This technical note from the Shamba Centre for Food & Climate, in collaboration with GDPRD members, presents the detailed research, findings, and recommendations from the 2023 enquiry into sustainable finance in agrifood systems. It complements the summary report, "Unleashing the Catalytic Power of Donor Financing to Achieve Sustainable Development Goal 2," released in March 2024.
Key Findings:
- Blended finance can significantly contribute to SDG 2 by focusing on agrifood SMEs needing finance between $50,000 and $2 million.
- Every dollar of concessional finance can mobilize four dollars of commercial finance; however, the sustainable development impact of these funds is crucial for achieving both financial and developmental additionality.
- Development Finance Institutions (DFIs) are constrained by rules that discourage them from taking risks necessary to provide finance unavailable from commercial lenders.

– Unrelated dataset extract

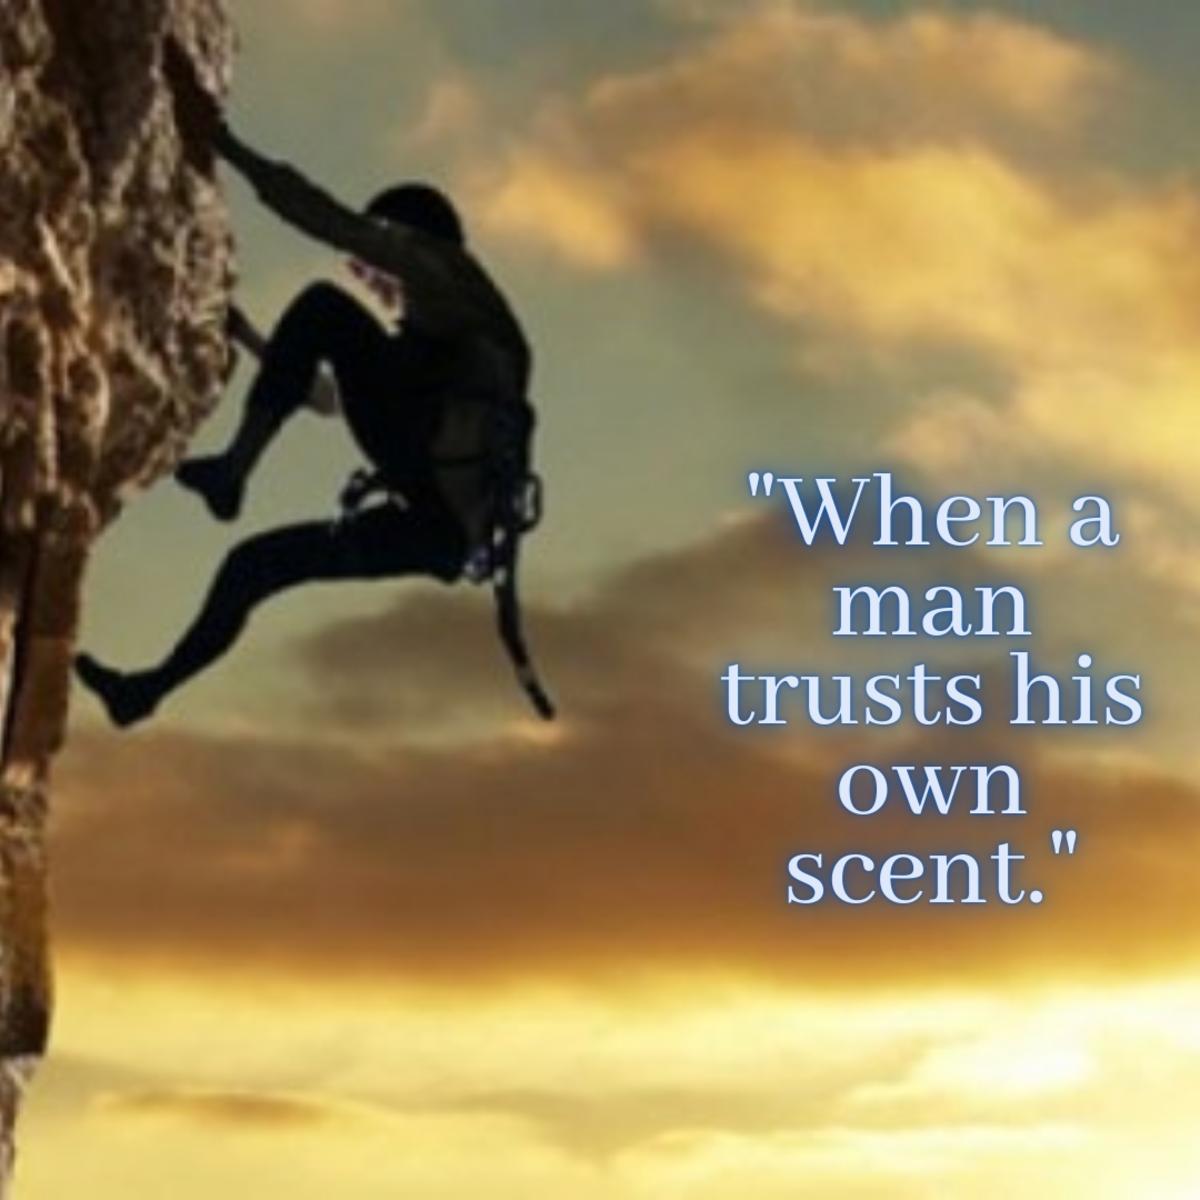 scent-of-a-man-a-sense-of-masculine-elegance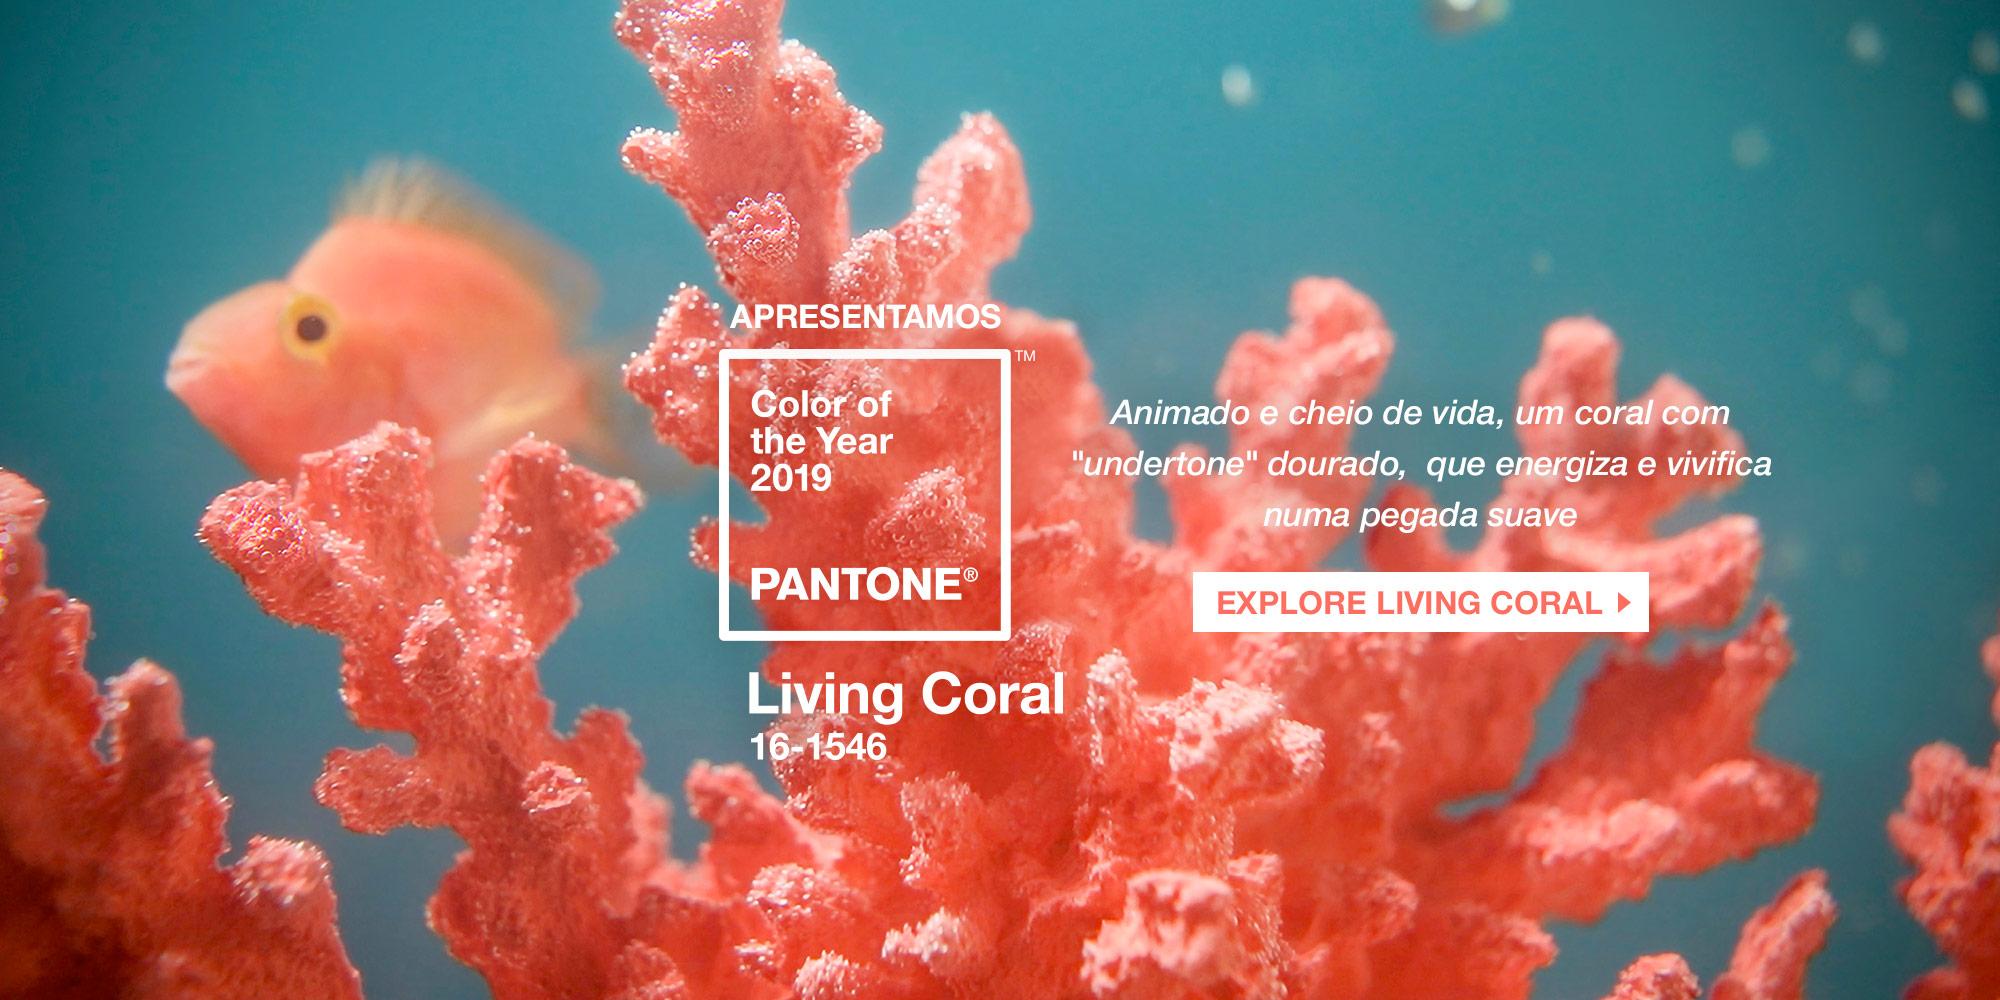 Cor do Ano 2019 - Living Coral - Pantone

- More research and data on the performance of agrifood SME loans from donors are needed to make Official Development Assistance (ODA) more catalytic.
Key Recommendations for Donors and DFIs:
- Increase finance flow to agrifood SMEs by scaling up priority lending programs and results-based lending incentives for domestic banks.
- Explore how donors can provide first-loss financing and commercial rate lending, with returns reinvested into similar or other blended transactions.
- Offer higher-risk loans, such as first loss and mezzanine debt, with well-defined targets on sustainable food and agriculture.
- Create a data repository on the performance of agrifood SME loans.